- _Task statement_
Transcribe all the lines below exactly. Omit the pictures.

- _Supplied data_
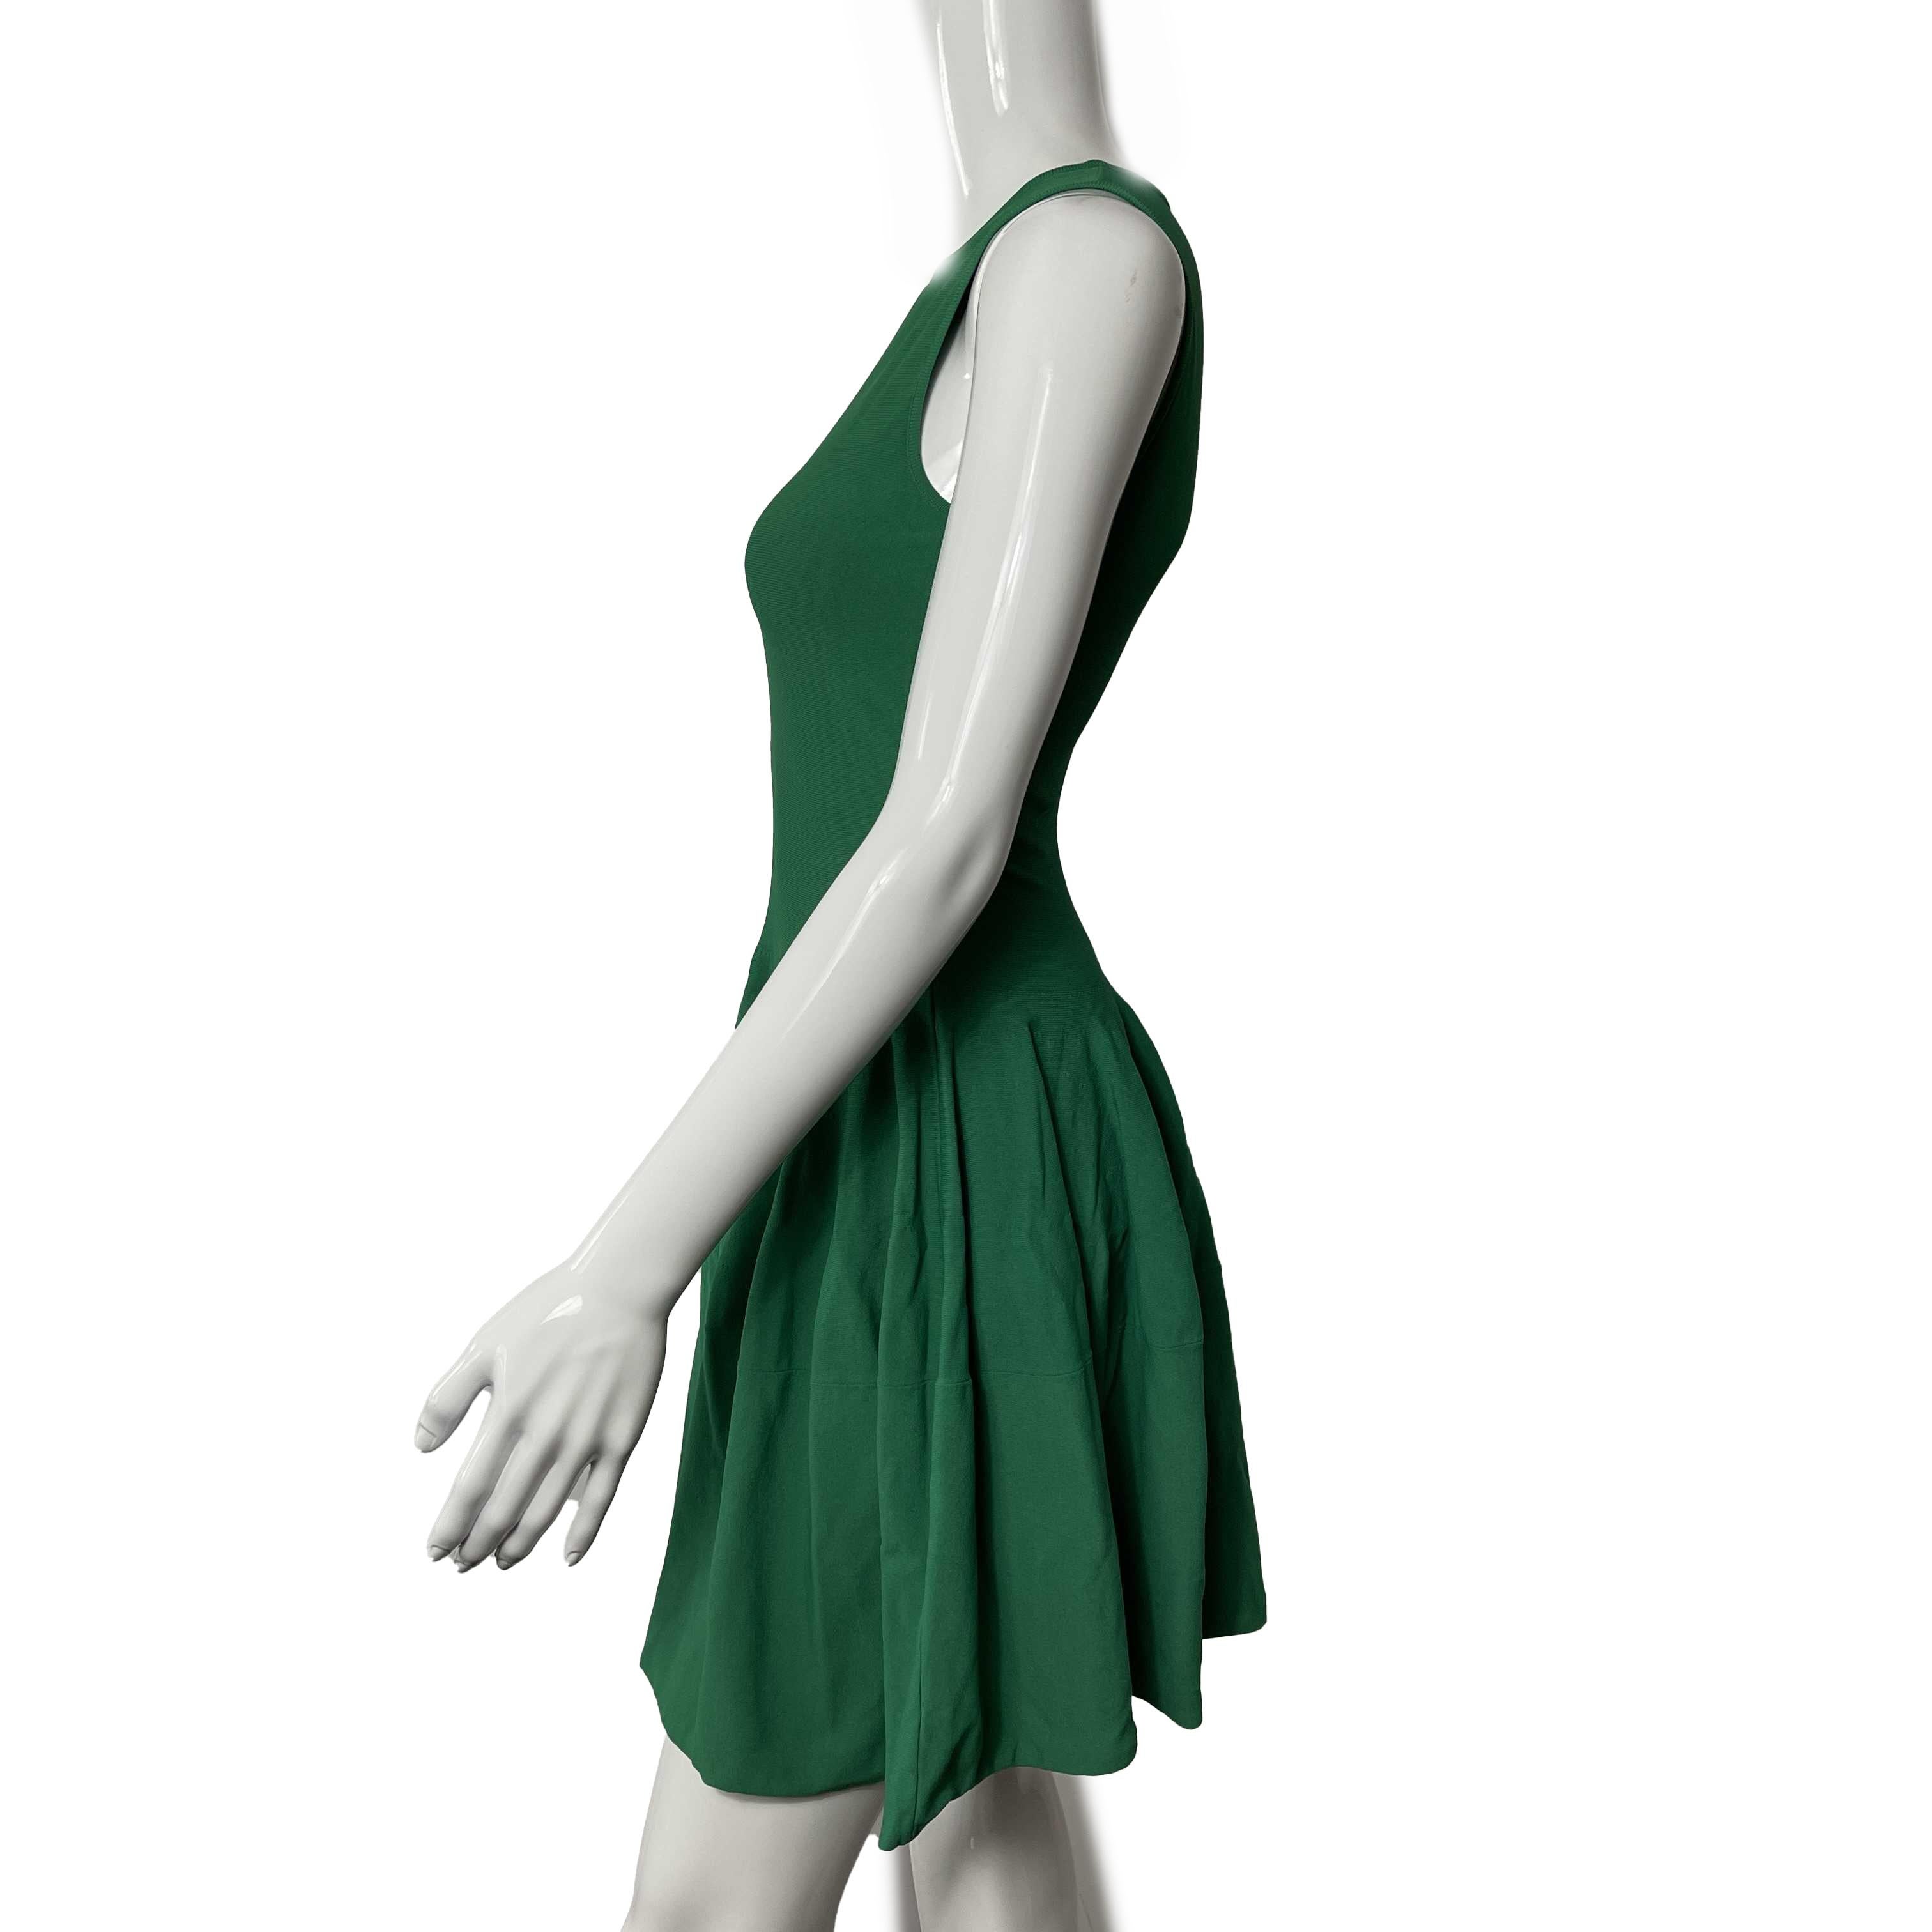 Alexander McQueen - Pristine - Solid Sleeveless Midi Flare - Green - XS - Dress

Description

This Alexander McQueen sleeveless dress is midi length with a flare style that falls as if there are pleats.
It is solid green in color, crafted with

- _Written reply_
 Alexander McQueen - Pristine - Solid Sleeveless Midi Flare - Green - XS - Dress

Description

This Alexander McQueen sleeveless dress is midi length with a flare style that falls as if there are pleats.
It is solid green in color, crafted with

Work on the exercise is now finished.